So much, then, for domestic reform. What about international law? . . . . More serious is the predicament of Georgia, the former Soviet republic that has embraced democracy and sought NATO membership. Since shortly before Medvedev took office, Russian warplanes have been systematically violating Georgian airspace, shooting down Georgian drone aircraft on several occasions. In breach of a U.N.-sponsored agreement, Moscow has dispatched security forces to the separatist region of Abkhazia and granted legal recognition to its self-declared government. U.S. and European officials believe a concerted effort is underway to provoke the Georgian government into an armed confrontation.

Diehl is writing on the same Editorial Page which, for the last five years, has boisterously cheered on the American invasion and occupation of Iraq -- one of the most egregious violations of international law of the last decade, at least. It's the same Editorial Page that has repeatedly urged that lawbreaking telecoms should be relieved of the obligation to go to court and should be immunized from any consequences, decreeing that they were "acting as patriotic corporate citizens" when breaking our privacy laws for years. It's an Editorial Page that never ceases its support for those who threaten Iran with a military attack -- threats which (not that anyone really cares) happen to be violations of the conventions of international law which the Post depicts itself as upholding (UN Charter: "All Members shall refrain in their international relations from the threat or use of force . . . ").
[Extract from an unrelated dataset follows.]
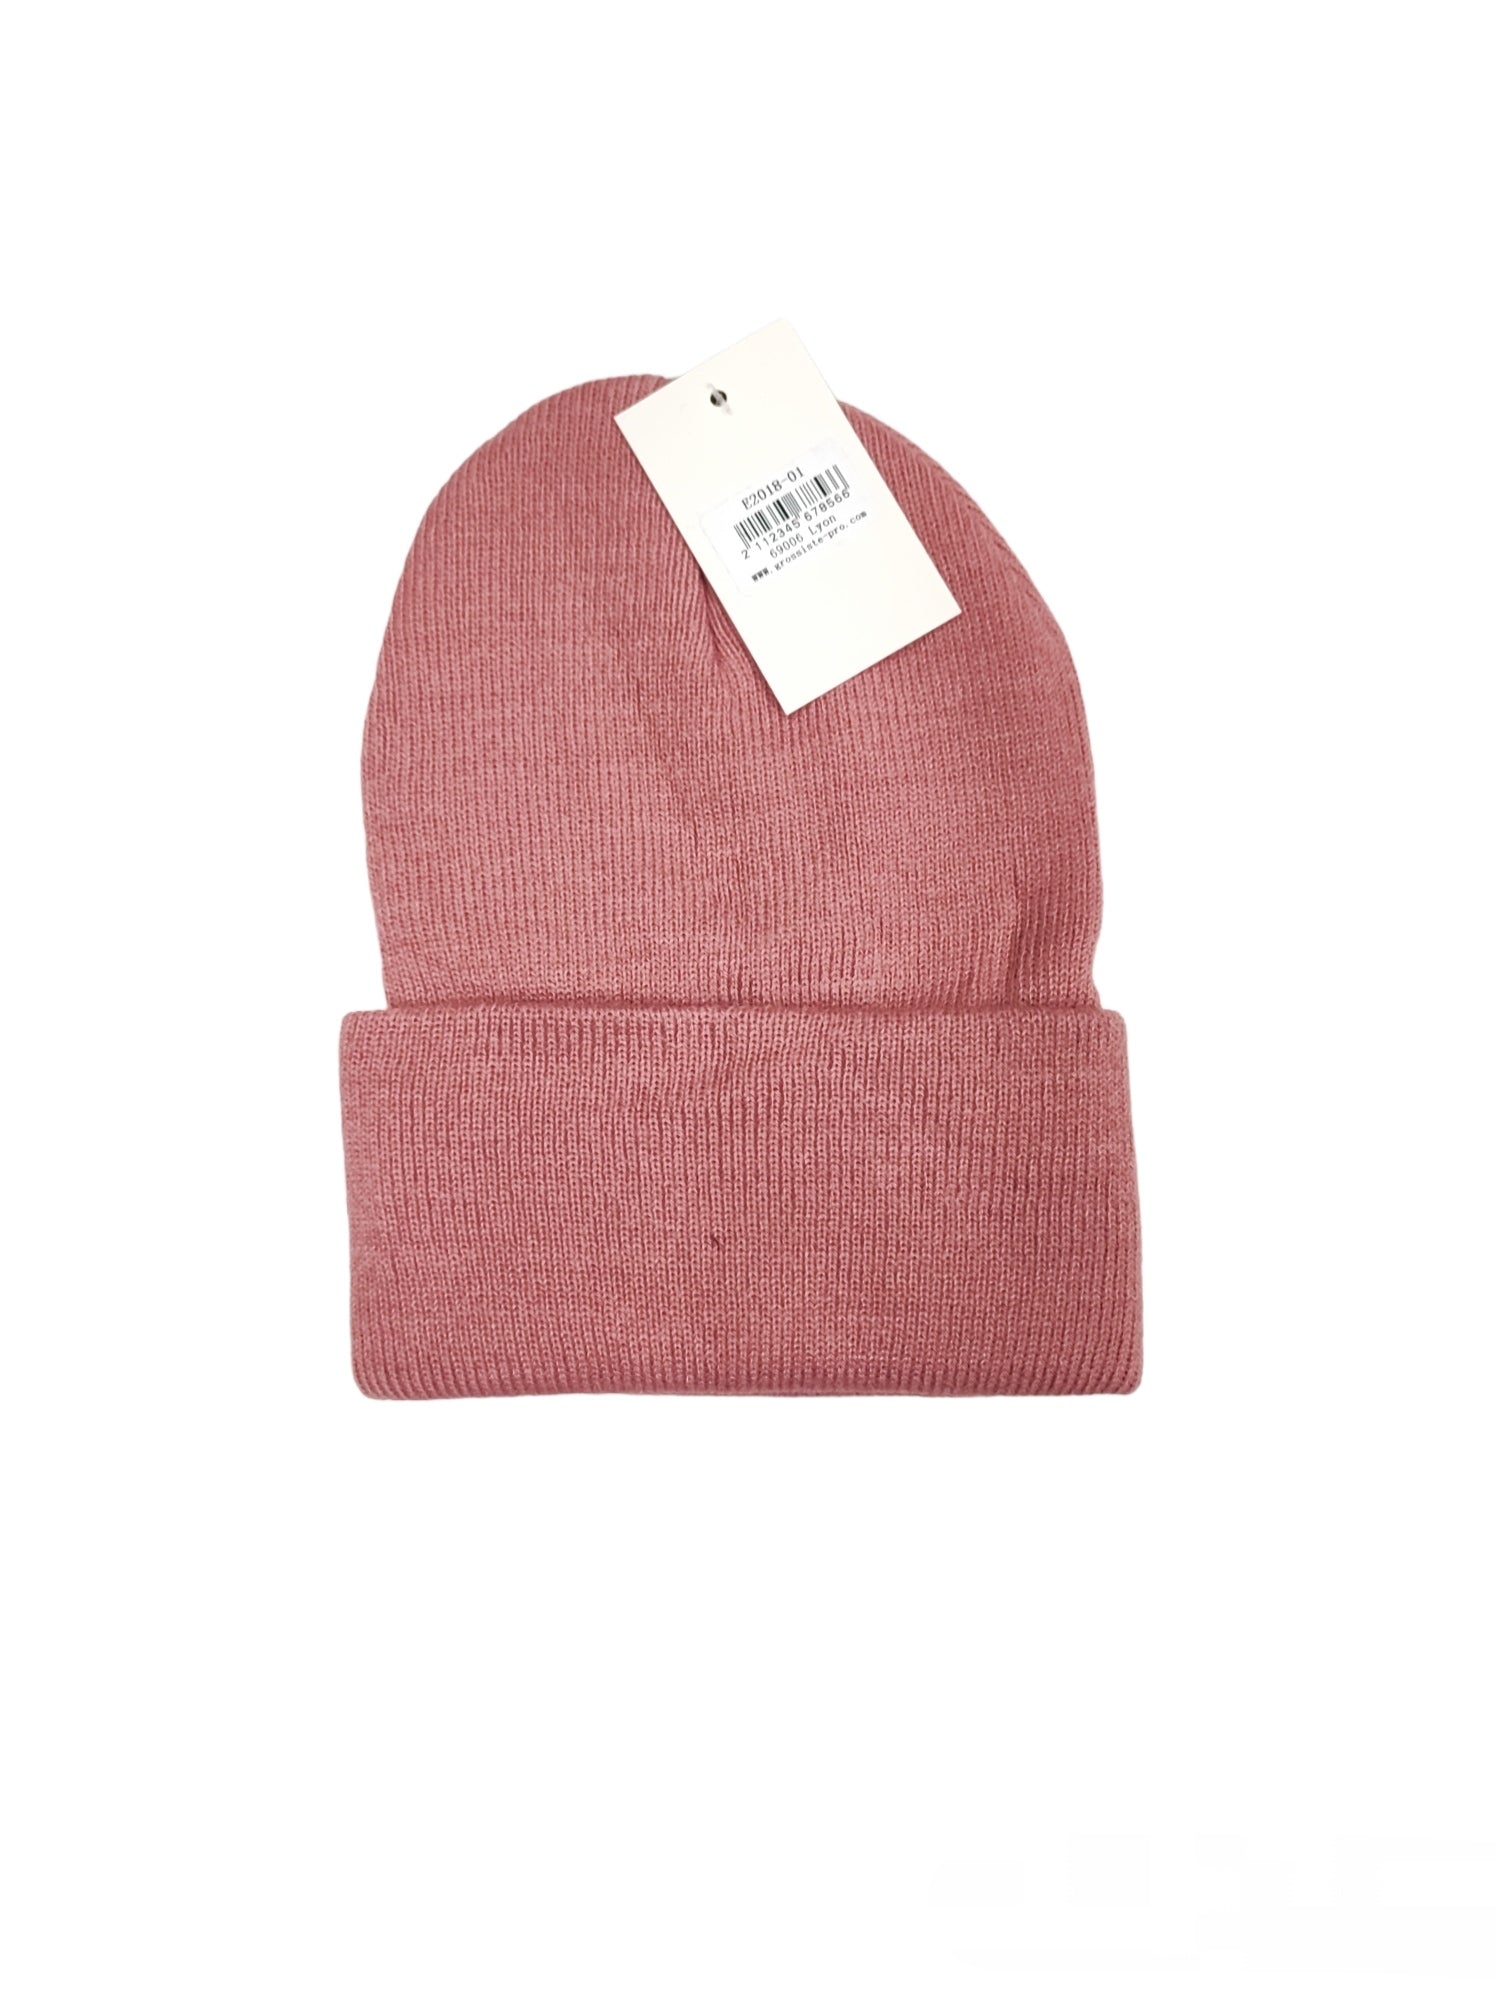 Bonnet tricot simple enfants (x12)

And just two days ago, the Post's Editorial Page explicitly advocated that new so-called "specialized national security courts" be created in the U.S. to empower the President to imprison people -- even for life -- without having to charge them with any crime, including in those circumstances where (due to a lack of evidence) no such charges could possibly be brought against such individuals:

The president must have the legal flexibility to detain those against whom there is credible, actionable intelligence but not enough evidence to bring charges.

This is who, on a weekly basis, singles out other Governments for lectures on the sanctity of the rule of law, human rights, and the need to abide by international conventions. It's certainly possible to argue that we shouldn't be constrained by petty and bothersome things like international law and even domestic law when it comes to having the President protect us all. That, more or less, has been the animating principle which our political establishment (and certainly the Post Editorial Page) has embraced to justify the conduct of our own Government during the last seven years.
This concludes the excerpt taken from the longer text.